Audio Data Preparation And Argument Using Tensorflow
No description available
🛠️ Technologies Used
Python
TensorFlow
NumPy
Flask
Python
# Audio Data Preparation, Augmentation & Classification Studio
A comprehensive web application for analyzing, augmenting, and classifying audio data using **TensorFlow**, **YAMNet**, and **Flask**.
## 🚀 Features
### 1. Audio Ingestion
- **File Upload**: Support for `.wav` file uploads.
- **Microphone Recording**: Built-in browser recorder that captures audio, converts it to WAV client-side, and sends it for analysis.
### 2. AI Classification (YAMNet)
- Integrates Google's **YAMNet** model.
- Automatically identifies audio events from **521 classes** (e.g., "Speech", "Music", "Clapping", "Dog", "Siren").

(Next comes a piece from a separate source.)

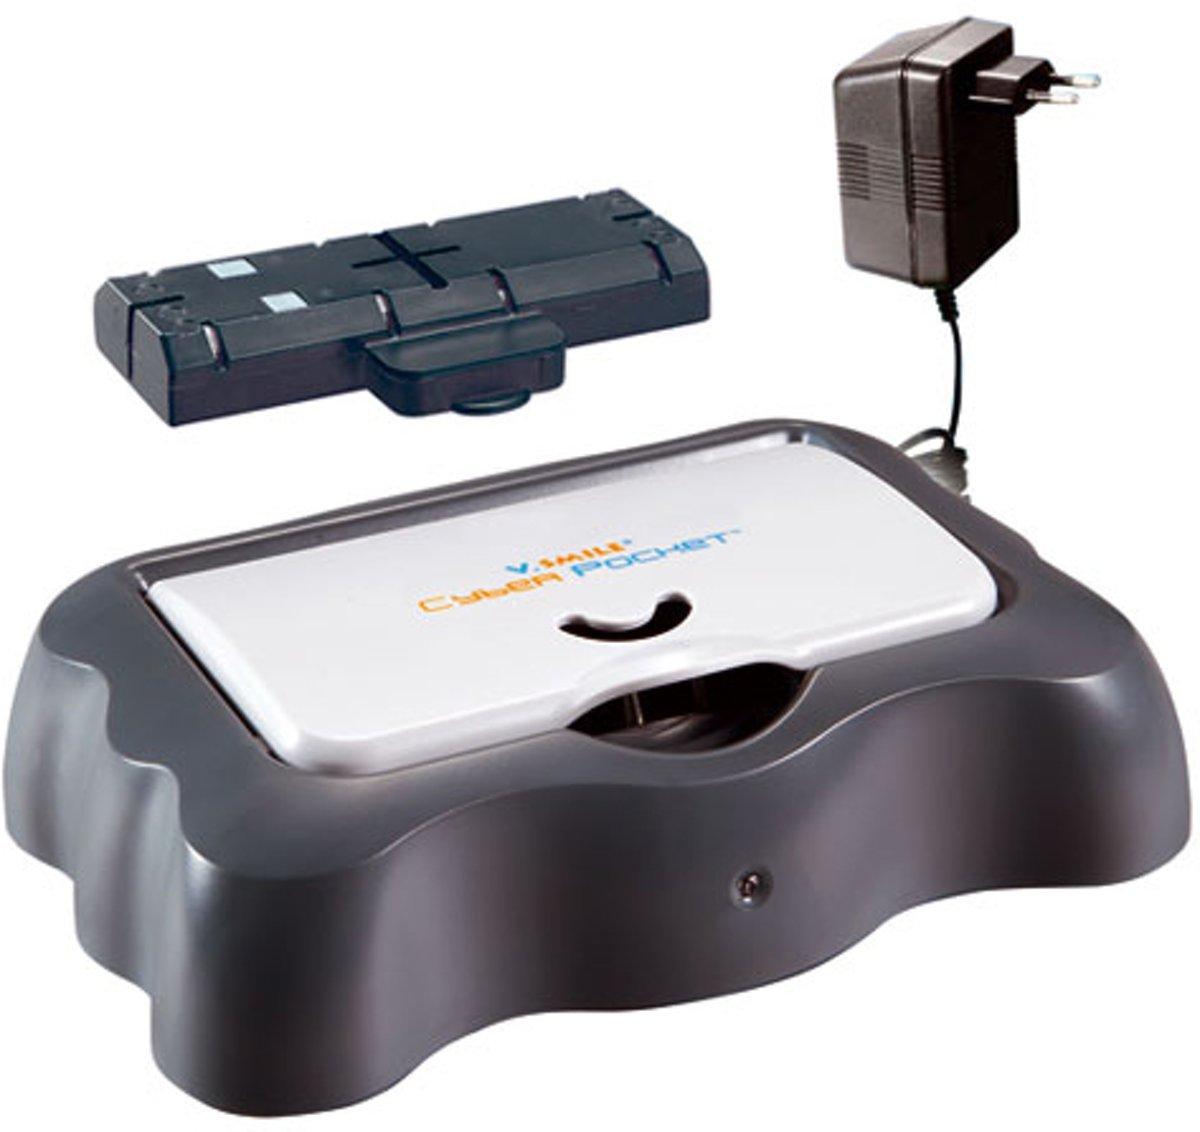 VTech V.Smile - Pocket Oplaadstation

- Displays top 5 predictions with confidence scores.
### 3. Advanced Visualization Pipeline
The app processes audio through a multi-stage pipeline and visualizes each step:
- **Waveform**: Raw time-domain signal.
- **Trimming**: Automatic silence removal.
- **Fading**: Logarithmic fade-in/out application.
- **Spectrograms**:
- Standard Spectrogram (Log Scale).
- Mel Spectrogram (Perceptually relevant scale).
- DB-Scaled Mel Spectrogram.
- **Augmentations**:
- **Frequency Masking**: Randomly masks frequency bands (useful for training robust models).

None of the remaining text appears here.